Records excerpted from a collection:
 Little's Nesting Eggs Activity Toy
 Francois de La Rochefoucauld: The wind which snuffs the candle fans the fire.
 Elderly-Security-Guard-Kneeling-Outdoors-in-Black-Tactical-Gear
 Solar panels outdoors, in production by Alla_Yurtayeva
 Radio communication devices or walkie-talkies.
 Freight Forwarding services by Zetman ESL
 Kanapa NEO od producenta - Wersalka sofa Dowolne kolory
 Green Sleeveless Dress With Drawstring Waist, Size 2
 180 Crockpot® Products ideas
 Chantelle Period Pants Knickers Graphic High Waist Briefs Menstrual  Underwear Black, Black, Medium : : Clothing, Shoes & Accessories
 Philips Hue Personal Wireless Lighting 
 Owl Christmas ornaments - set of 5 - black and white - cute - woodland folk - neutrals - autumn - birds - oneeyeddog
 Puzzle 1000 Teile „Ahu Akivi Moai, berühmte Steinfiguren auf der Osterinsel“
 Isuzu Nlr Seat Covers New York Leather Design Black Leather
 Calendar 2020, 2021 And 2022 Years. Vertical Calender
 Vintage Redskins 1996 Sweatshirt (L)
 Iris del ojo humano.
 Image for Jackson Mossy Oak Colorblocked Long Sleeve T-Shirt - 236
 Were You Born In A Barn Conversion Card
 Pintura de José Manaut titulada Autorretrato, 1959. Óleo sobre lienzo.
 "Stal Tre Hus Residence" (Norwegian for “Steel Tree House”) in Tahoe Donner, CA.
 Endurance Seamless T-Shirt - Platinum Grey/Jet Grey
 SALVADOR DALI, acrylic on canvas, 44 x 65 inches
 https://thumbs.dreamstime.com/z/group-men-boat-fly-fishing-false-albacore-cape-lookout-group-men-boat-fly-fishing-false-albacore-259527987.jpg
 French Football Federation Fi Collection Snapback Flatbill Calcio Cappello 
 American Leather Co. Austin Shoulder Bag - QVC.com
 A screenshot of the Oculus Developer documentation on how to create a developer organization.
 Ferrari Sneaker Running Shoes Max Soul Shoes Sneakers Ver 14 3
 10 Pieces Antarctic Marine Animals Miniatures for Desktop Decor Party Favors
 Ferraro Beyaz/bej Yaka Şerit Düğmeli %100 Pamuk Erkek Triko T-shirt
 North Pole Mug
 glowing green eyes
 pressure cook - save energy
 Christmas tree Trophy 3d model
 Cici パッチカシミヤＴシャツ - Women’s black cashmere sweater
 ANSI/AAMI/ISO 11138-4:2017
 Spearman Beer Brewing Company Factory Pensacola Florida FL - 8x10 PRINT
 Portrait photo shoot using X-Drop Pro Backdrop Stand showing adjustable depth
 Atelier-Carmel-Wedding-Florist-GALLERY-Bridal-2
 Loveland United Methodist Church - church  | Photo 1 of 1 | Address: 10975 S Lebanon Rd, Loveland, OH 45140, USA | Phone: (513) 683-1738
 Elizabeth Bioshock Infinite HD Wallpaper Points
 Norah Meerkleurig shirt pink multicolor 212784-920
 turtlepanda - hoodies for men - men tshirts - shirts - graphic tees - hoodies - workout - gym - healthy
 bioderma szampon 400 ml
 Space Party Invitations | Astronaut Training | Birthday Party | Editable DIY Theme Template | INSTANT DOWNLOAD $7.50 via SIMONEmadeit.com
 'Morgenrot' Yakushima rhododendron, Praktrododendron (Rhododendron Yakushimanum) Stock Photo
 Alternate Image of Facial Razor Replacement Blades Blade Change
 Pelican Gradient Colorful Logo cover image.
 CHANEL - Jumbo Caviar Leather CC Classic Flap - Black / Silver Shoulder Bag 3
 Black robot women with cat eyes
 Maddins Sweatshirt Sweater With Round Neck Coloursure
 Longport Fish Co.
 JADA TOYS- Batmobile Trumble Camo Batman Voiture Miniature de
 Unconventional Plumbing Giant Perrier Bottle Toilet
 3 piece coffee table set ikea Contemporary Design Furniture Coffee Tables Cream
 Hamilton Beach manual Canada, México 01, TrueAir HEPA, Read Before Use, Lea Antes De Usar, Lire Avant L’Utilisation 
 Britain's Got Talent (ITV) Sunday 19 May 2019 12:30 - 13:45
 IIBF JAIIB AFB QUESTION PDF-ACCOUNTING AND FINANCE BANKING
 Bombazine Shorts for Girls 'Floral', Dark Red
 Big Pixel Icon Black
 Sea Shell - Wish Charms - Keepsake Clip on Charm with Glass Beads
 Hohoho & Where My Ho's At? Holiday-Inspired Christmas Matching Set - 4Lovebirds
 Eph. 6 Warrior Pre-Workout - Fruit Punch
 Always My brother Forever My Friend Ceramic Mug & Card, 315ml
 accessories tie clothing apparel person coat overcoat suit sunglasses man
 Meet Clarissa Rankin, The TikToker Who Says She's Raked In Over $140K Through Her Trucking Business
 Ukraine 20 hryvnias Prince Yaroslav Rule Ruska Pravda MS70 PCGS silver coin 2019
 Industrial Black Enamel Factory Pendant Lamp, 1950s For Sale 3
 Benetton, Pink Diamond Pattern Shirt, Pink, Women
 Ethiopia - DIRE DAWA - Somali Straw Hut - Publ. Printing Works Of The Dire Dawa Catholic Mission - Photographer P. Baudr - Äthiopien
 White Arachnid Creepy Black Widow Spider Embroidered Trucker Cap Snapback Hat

ASSIGNMENT: The required output is the set of lines from the first line of the data through the line that contains "Endurance Seamless T-Shirt", transcribed exactly.

PROBLEM SOLUTION:
 Little's Nesting Eggs Activity Toy
 Francois de La Rochefoucauld: The wind which snuffs the candle fans the fire.
 Elderly-Security-Guard-Kneeling-Outdoors-in-Black-Tactical-Gear
 Solar panels outdoors, in production by Alla_Yurtayeva
 Radio communication devices or walkie-talkies.
 Freight Forwarding services by Zetman ESL
 Kanapa NEO od producenta - Wersalka sofa Dowolne kolory
 Green Sleeveless Dress With Drawstring Waist, Size 2
 180 Crockpot® Products ideas
 Chantelle Period Pants Knickers Graphic High Waist Briefs Menstrual  Underwear Black, Black, Medium : : Clothing, Shoes & Accessories
 Philips Hue Personal Wireless Lighting 
 Owl Christmas ornaments - set of 5 - black and white - cute - woodland folk - neutrals - autumn - birds - oneeyeddog
 Puzzle 1000 Teile „Ahu Akivi Moai, berühmte Steinfiguren auf der Osterinsel“
 Isuzu Nlr Seat Covers New York Leather Design Black Leather
 Calendar 2020, 2021 And 2022 Years. Vertical Calender
 Vintage Redskins 1996 Sweatshirt (L)
 Iris del ojo humano.
 Image for Jackson Mossy Oak Colorblocked Long Sleeve T-Shirt - 236
 Were You Born In A Barn Conversion Card
 Pintura de José Manaut titulada Autorretrato, 1959. Óleo sobre lienzo.
 "Stal Tre Hus Residence" (Norwegian for “Steel Tree House”) in Tahoe Donner, CA.
 Endurance Seamless T-Shirt - Platinum Grey/Jet Grey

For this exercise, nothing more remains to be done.